Common tools include FastQC, MultiQC, Trim Galore, Cutadapt, Bismark, BS-Seeker2, bwa-meth, MethylDackel, methylKit, DSS, bsseq, DMRcate, BEDTools and genome-browser utilities.

What is conversion efficiency?

Conversion efficiency measures how completely unmethylated cytosines were converted. Poor conversion can cause false methylation calls, so spike-ins or other conversion checks are important where available.

Should duplicates be removed?

For WGBS, duplicate removal is commonly performed. For RRBS, targeted or amplicon bisulfite sequencing, duplicate handling must consider protocol design because identical genomic starts may be expected.

What are DMPs and DMRs?

DMPs are differentially methylated positions, usually single cytosines.

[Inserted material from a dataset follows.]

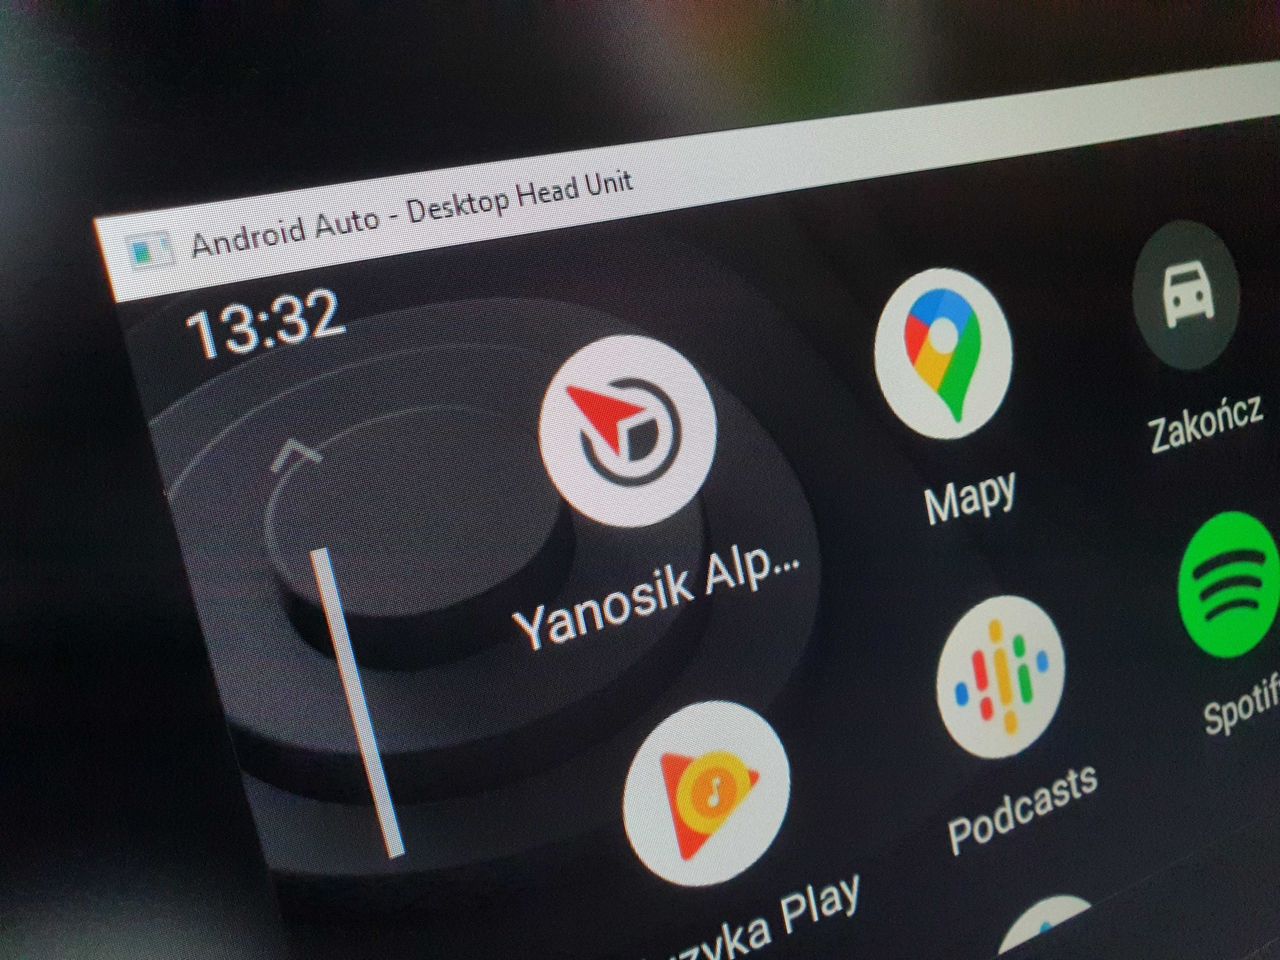 Yanosik zadziała w Android Auto: testy już trwają, "praca wre" (aktualizacja)

DMRs are regions containing multiple CpGs with coordinated methylation differences between groups.

Can AI help with bisulfite-seq?

AI can help summarize QC, flag outliers, draft reports and interpret DMR-associated genes or pathways, while the core methylation calling and statistics should remain reproducible and auditable.